M. Jacques Peyrat attire l'attention de M. le ministre de l'économie, des finances et de l'industrie sur les difficultés de gestion de trésorerie que connaissent les entreprises artisanales du bâtiment dans le cadre de l'application de la TVA à taux réduit aux travaux dans les logements de plus de deux ans. Les modalités actuelles de remboursement de ce crédit de TVA, tant pour les entreprises relevant du régime du réel normal que pour celles qui relèvent du régime du réel simplifié semblent être la source de ces difficultés. Il résulte de cette situation que nombre d'entreprises artisanales du bâtiment ne disposent pas de trésorerie suffisante pour faire face à cette avance.
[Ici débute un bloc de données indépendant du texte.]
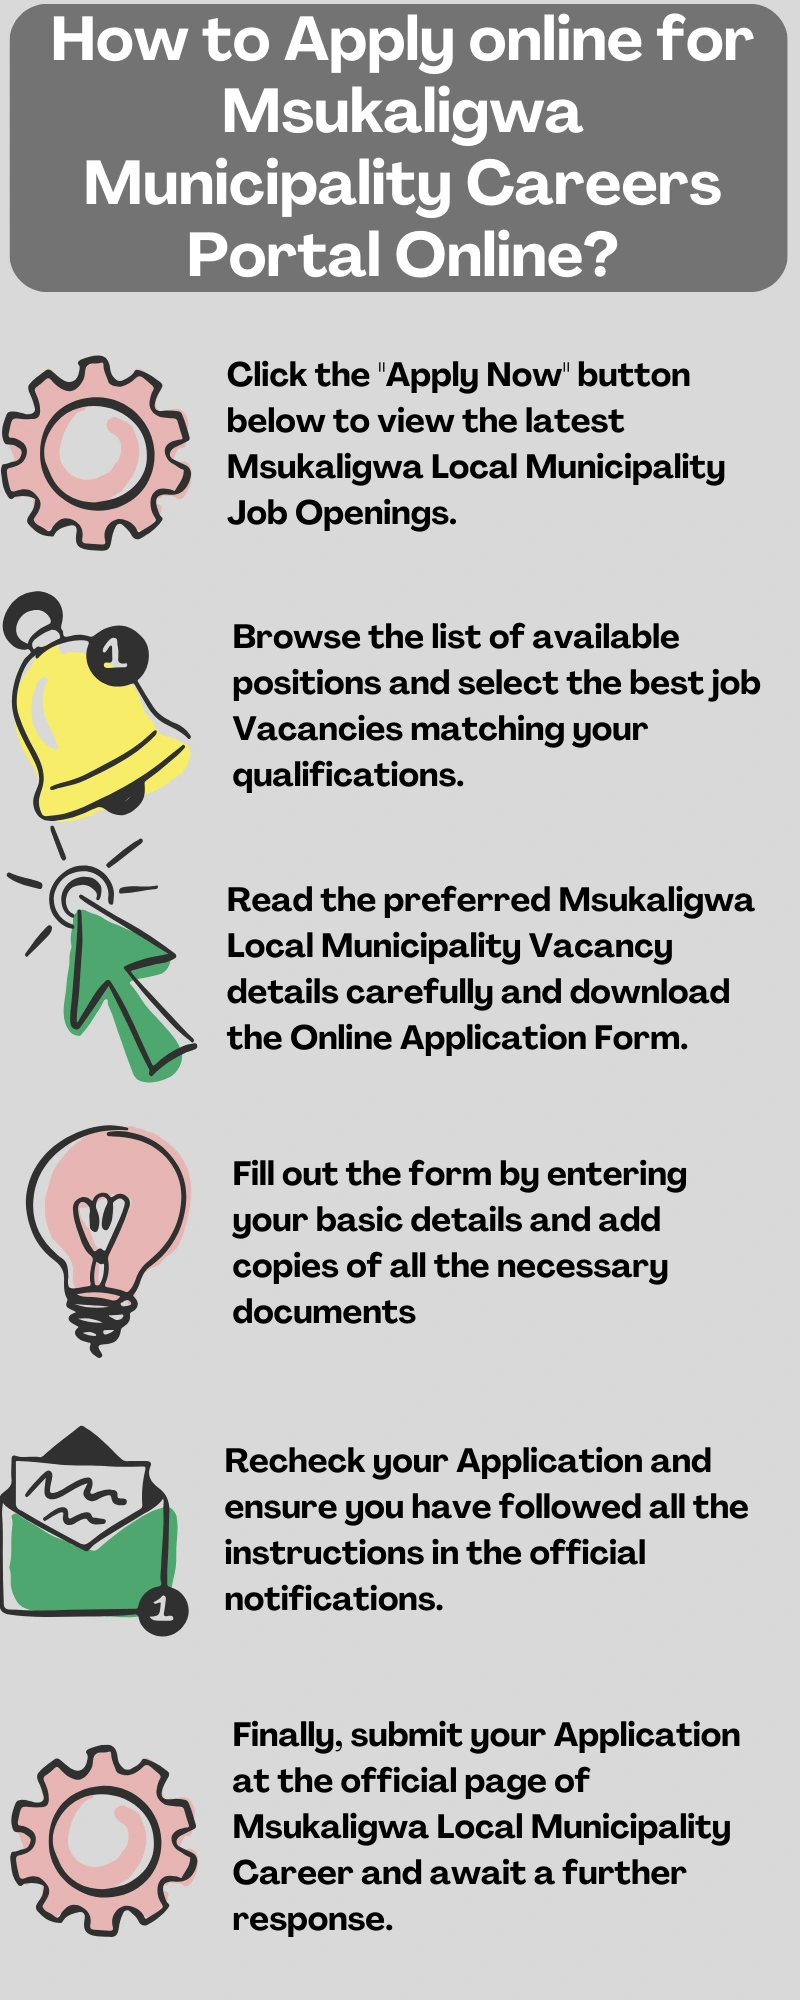 How to Apply online for Msukaligwa Municipality Careers Portal Online?

Il lui demande donc quelles mesures pourraient être envisagées pour qu'une solution soit apportée à ce problème.



Réponse du ministère : Économie

publiée dans le JO Sénat du 30/08/2001 - page 2815

Contrairement à ce que semble penser l'auteur de la question, les entreprises du bâtiment qui achètent, au taux normal de TVA, des matériaux et fournitures nécessaires à leur activité ne se trouvent pas systématiquement en situation créditrice de TVA. En effet, les travaux de construction d'immeubles ou les travaux qui ne portent pas sur des locaux à usage d'habitation achevés depuis plus de deux ans restent soumis au taux normal. En outre, ce secteur se caractérise par l'importance du coût de la main-d'oeuvre dans le montant des prestations facturées. Dès lors, la situation de chaque entreprise de bâtiment au regard de la TVA dépend à la fois de l'objet des prestations qu'elle rend, de la part de main-d'oeuvre qui est incluse et des marges qu'elle réalise. Toutefois, les mesures mises en oeuvre pour accélérer les remboursements de crédits permettent actuellement de rembourser la majorité des entreprises dans un délai moyen de six semaines à compter du dépôt de la demande, tout en préservant la qualité des contrôles, ce qui constitue une garantie contre la fraude. S'agissant du régime simplifié d'imposition, les redevables peuvent obtenir la restitution de la TVA déductible relative à des immobilisations au titre de chacun des trimestres de l'année dès lors que le crédit de TVA qui en résulte est au moins égal à 5 000 francs. En outre, les redevables titulaires de bénéfices industriels et commerciaux relevant du régime simplifié d'imposition peuvent opter pour une liquidation de leur TVA selon les modalités du régime réel normal, tout en restant placés au régime simplifié d'imposition de leur bénéfice (régime dit du mini-réel). Dans ce cas, ils peuvent solliciter au titre de chaque trimestre civil une demande de remboursement de crédits de TVA dans les conditions de droit commun.